The dialog popping up and doing nothing (in the normal use case without 
external changes) is annoying. I remember seeing somewhere how to tell it to 
not show if the operation is short running. I just can't remember where I saw 
that.
I'll also try using the workbench window for progress. However, a dialog may be 
better since the build is part of workbench startup.

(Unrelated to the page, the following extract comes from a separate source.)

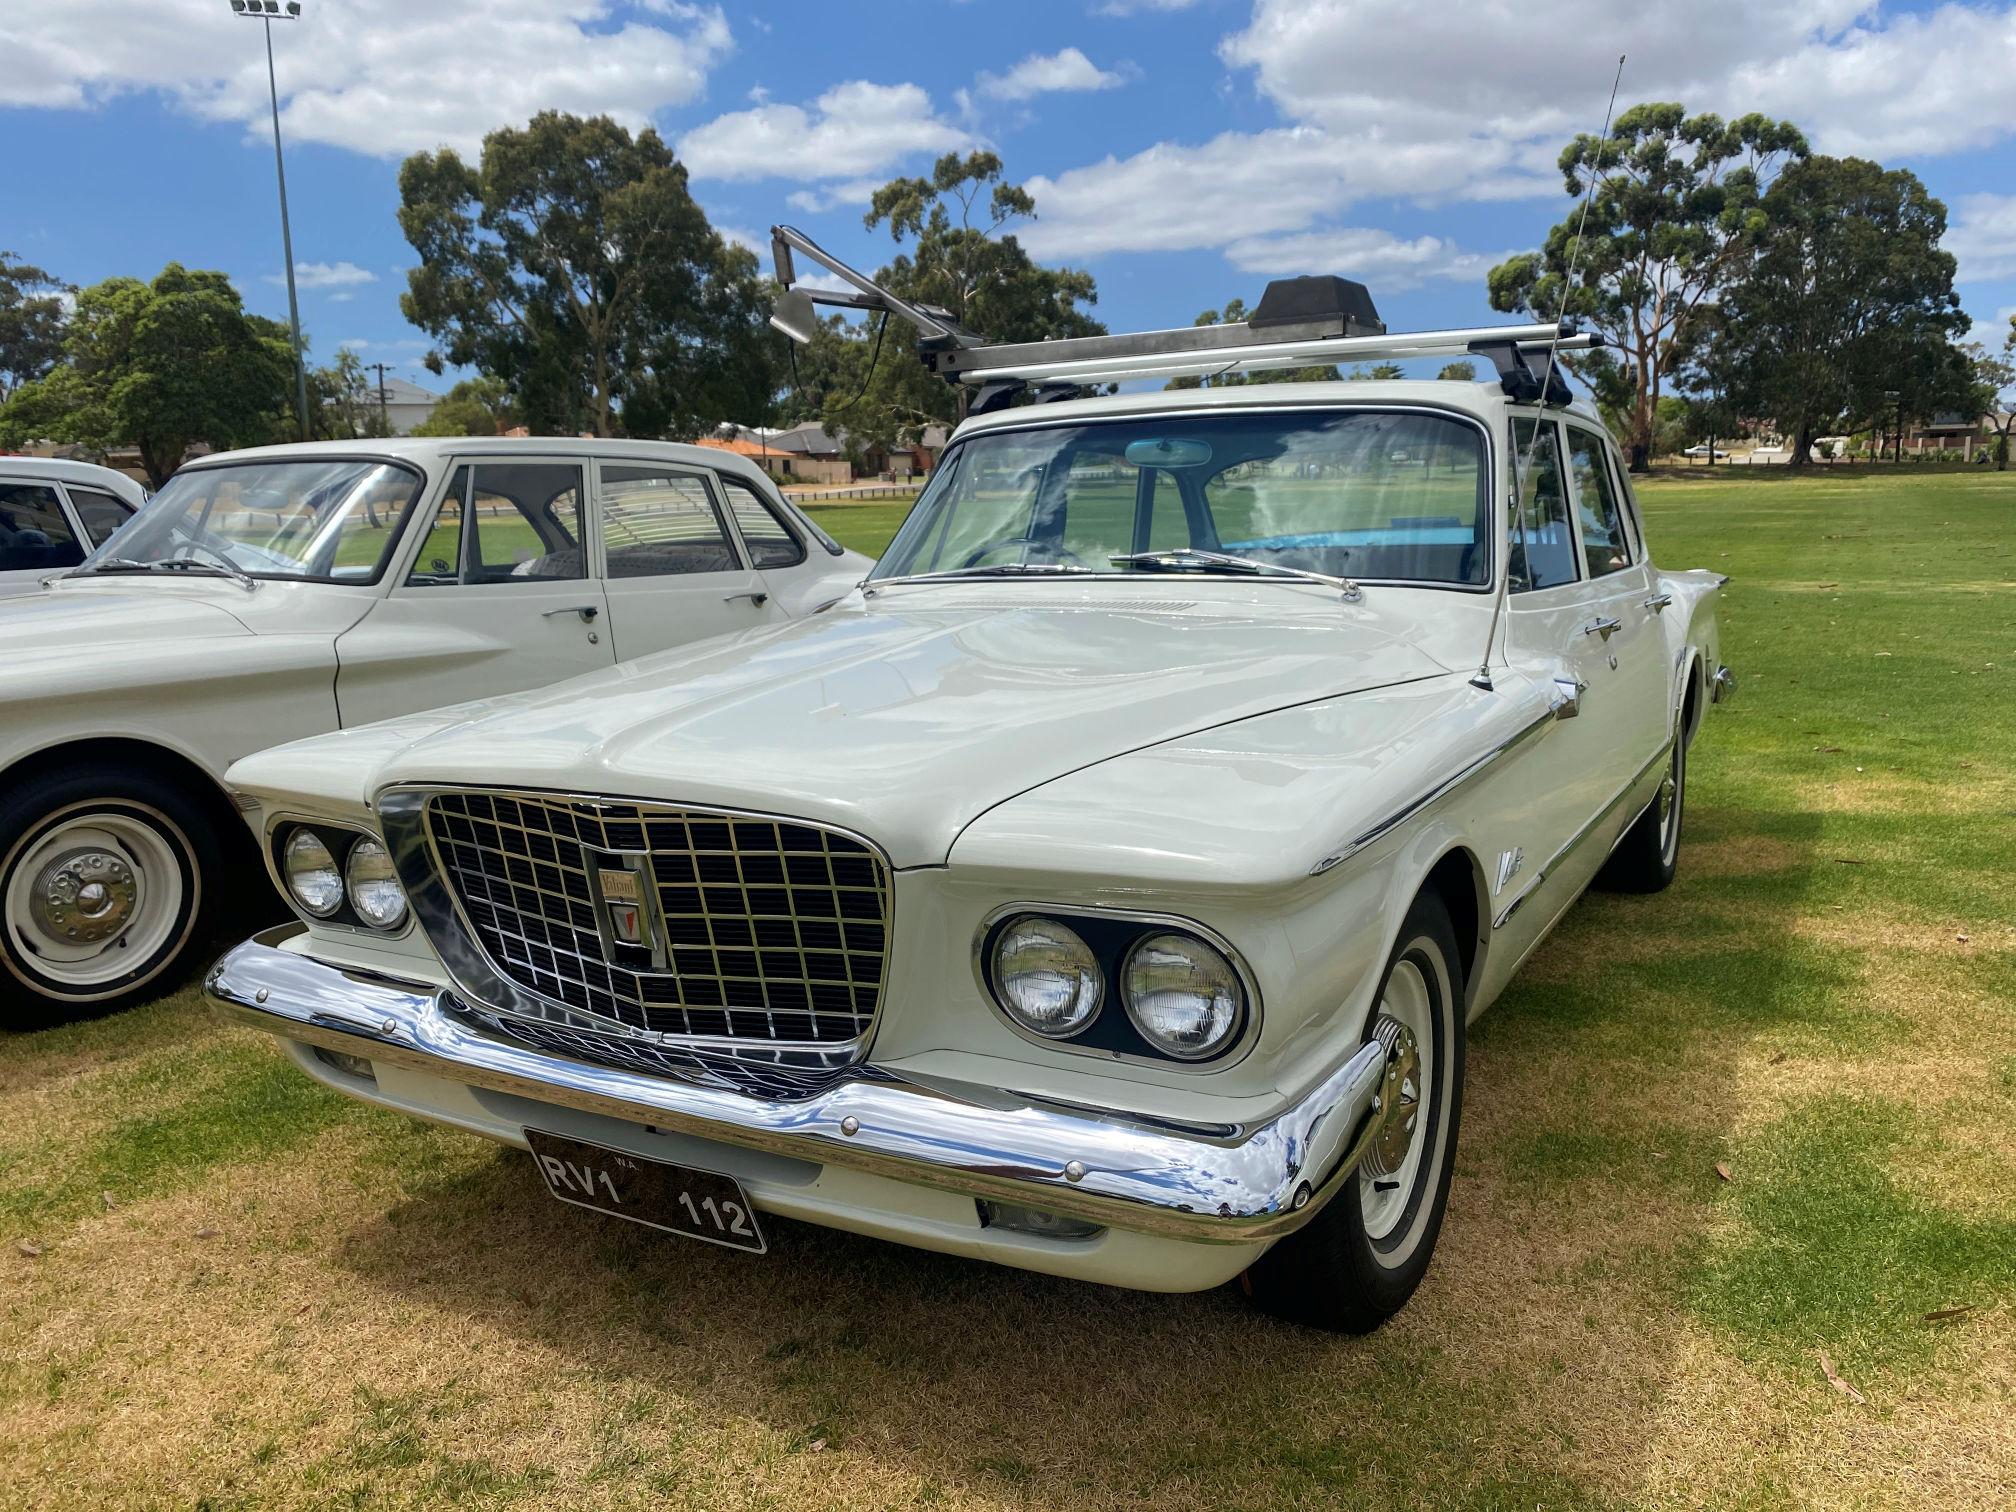 John Mitchell's Car
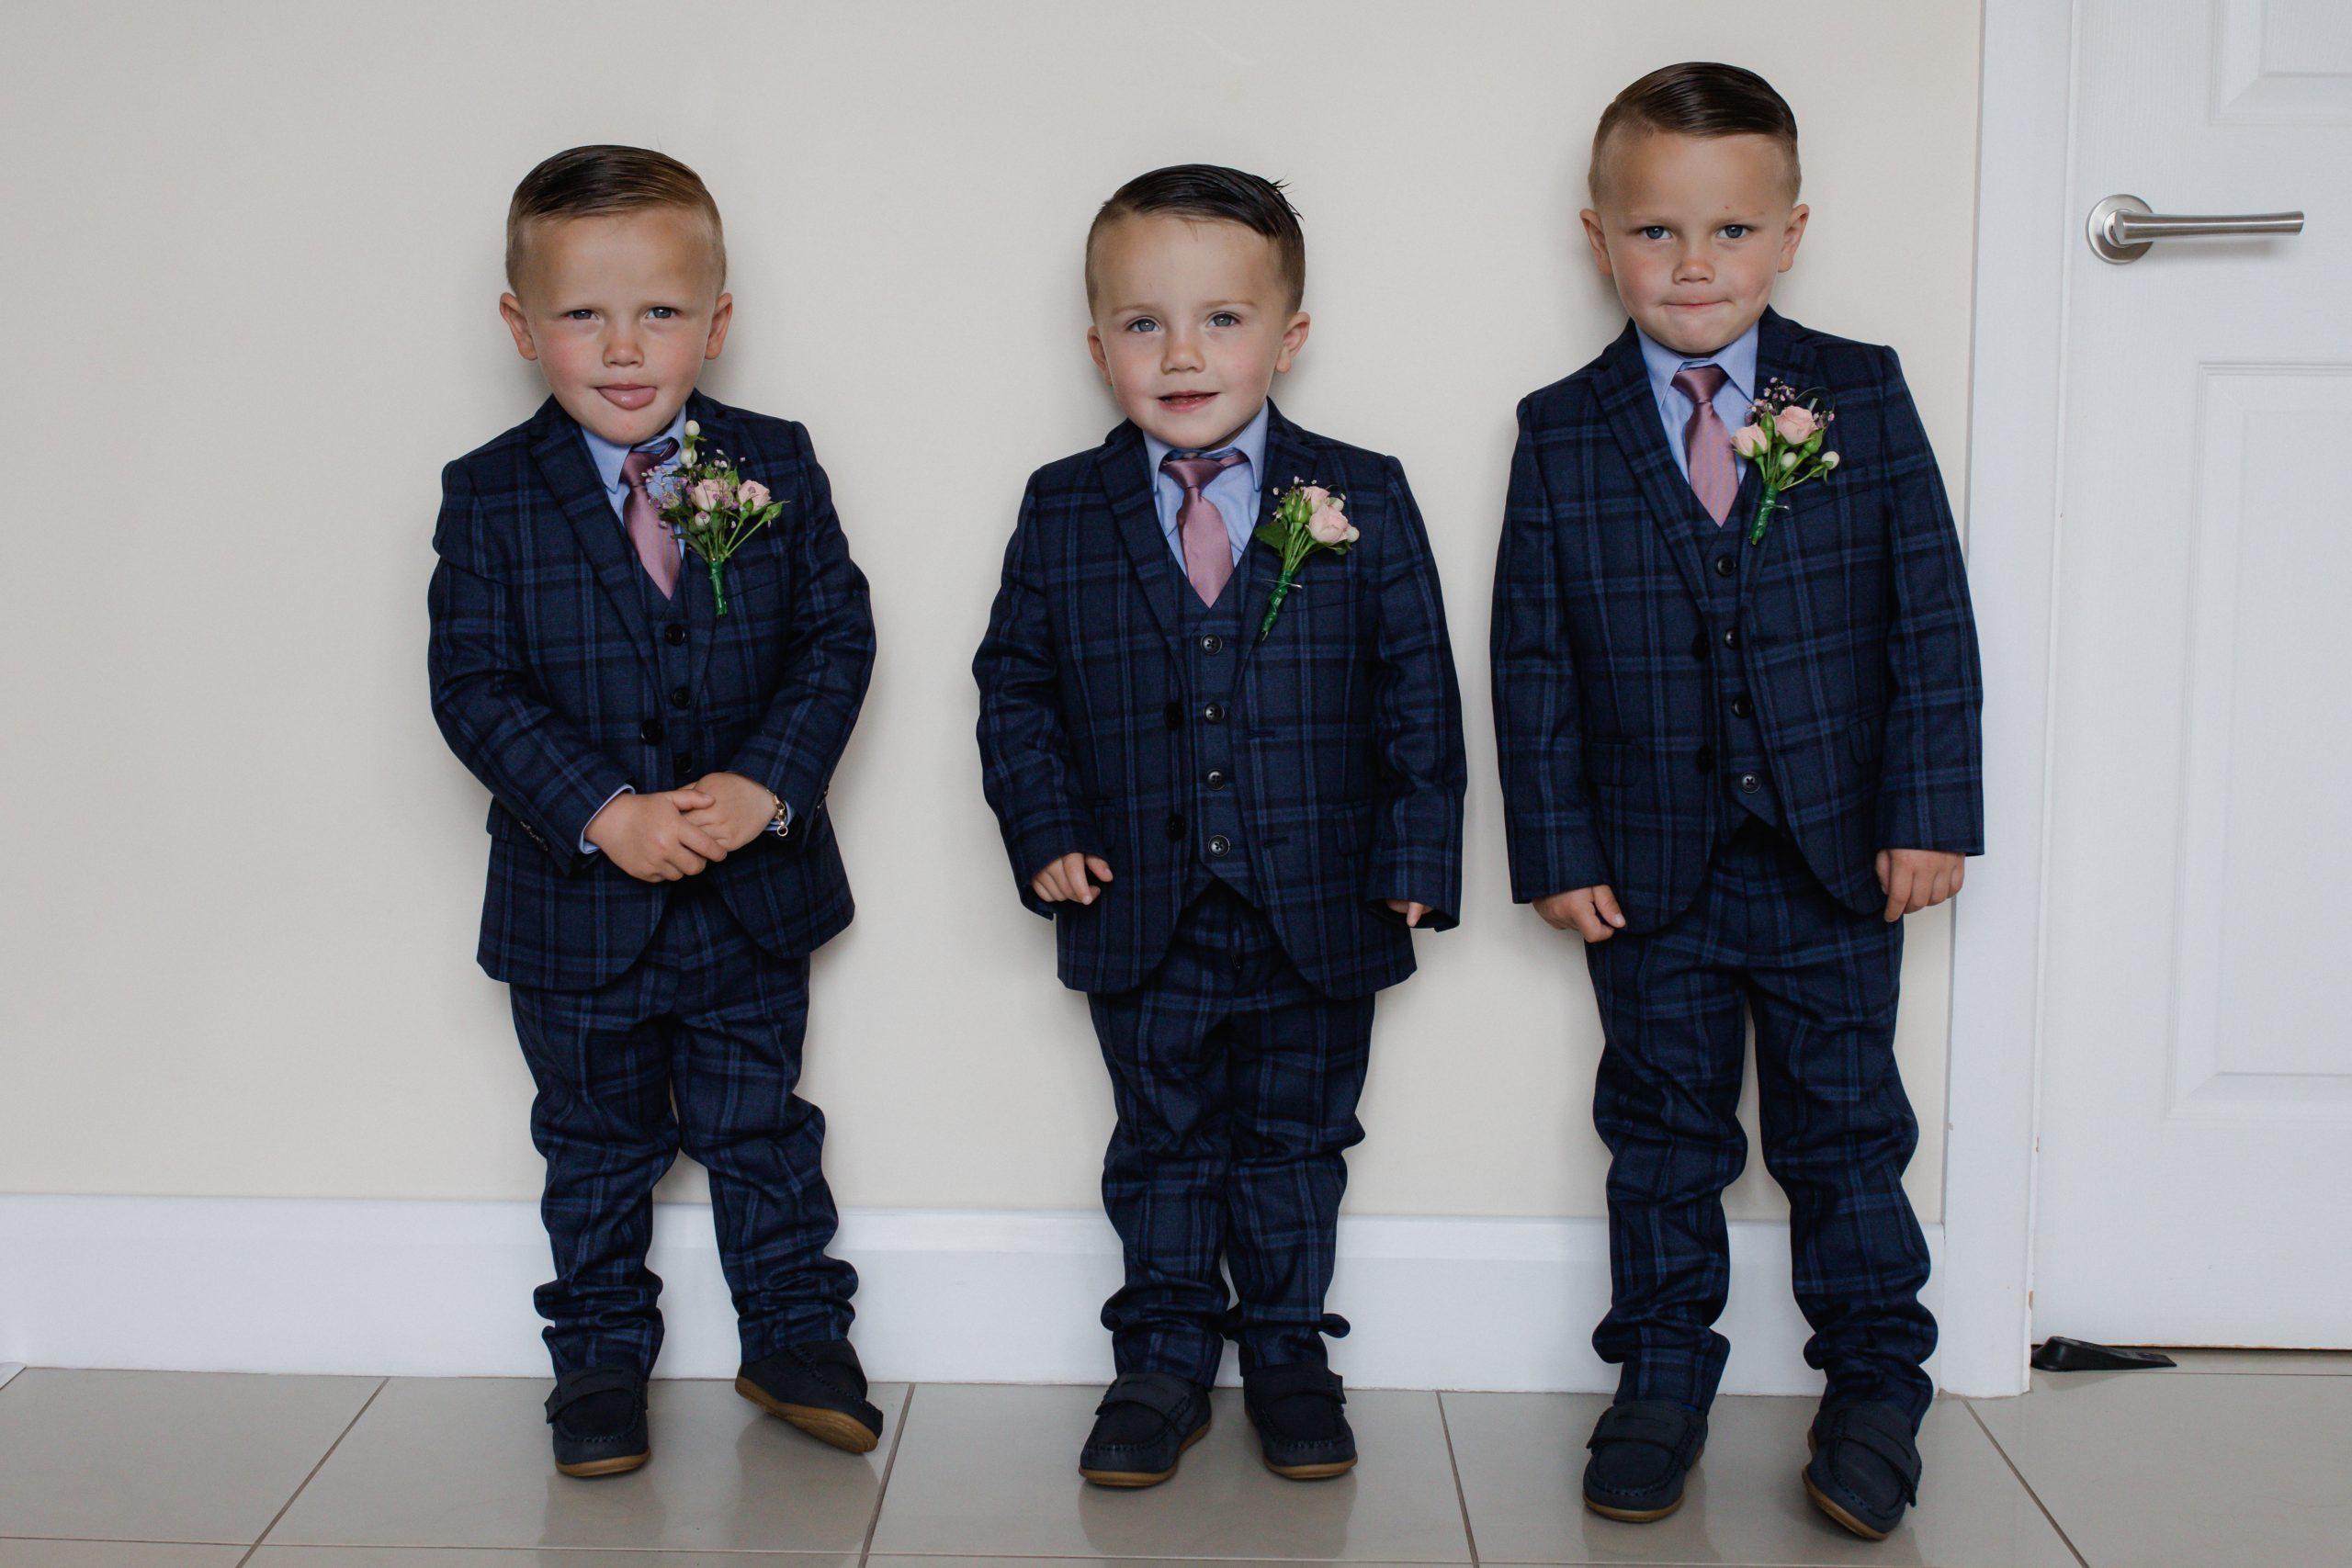 Chelsea & Harry Wedding Page Boys Emma Lowe Wedding Photography

I'll attach code, soon for Eduardo or Nick to review and release.
Comment 18 Knut Radloff CLA 2003-03-06 18:17:01 EST
Created attachment 3892 [details]
Workbench.java

Workbench.java based on version 1.59 (current HEAD state)
Comment 19 Knut Radloff CLA 2003-03-06 18:18:21 EST
Created attachment 3893 [details]
messages.properties

messages.properties based on version 1.96
Two new strings:
Workbench.autoBuild = Building...
Workbench.problemAutoBuild = Problem occurred while building workspace.
Comment 20 Knut Radloff CLA 2003-03-06 18:21:16 EST
I realized that it's the status line progress indicator that is delayed.
The attached code uses the active workbench window and falls back to using a 
progress dialog if there is no active workbench window.
Using the status line instead of the progress dialog cuts the performance 
penalty of the fix by about 1% to under 4%.
Comment 21 Knut Radloff CLA 2003-03-06 18:57:52 EST
Nick pointed out that the attached code does not take the refresh on startup 
feature into account. This would result in two bulds when the refresh results 
in resource deltas.
We should move the refreshFromLocal followed by enableAutoBuild below the 
try/finally block. I'm not sure why we even have the try/finally block. All the 
methods inside the try block handle exceptions already.

} finally {
	UIStats.end(UIStats.RESTORE_WORKBENCH, "Workbench"); //$NON-NLS-1$
}
refreshFromLocal(commandLineArgs);
enableAutoBuild();
// Listen for auto build property change events
getPreferenceStore().addPropertyChangeListener(propertyChangeListener);


This could be more refined since the refresh opens a progress dialog and the 
enableAutoBuild uses the status line.
Comment 22 Knut Radloff CLA 2003-03-06 19:06:45 EST
Released attached changes with modifications shown above.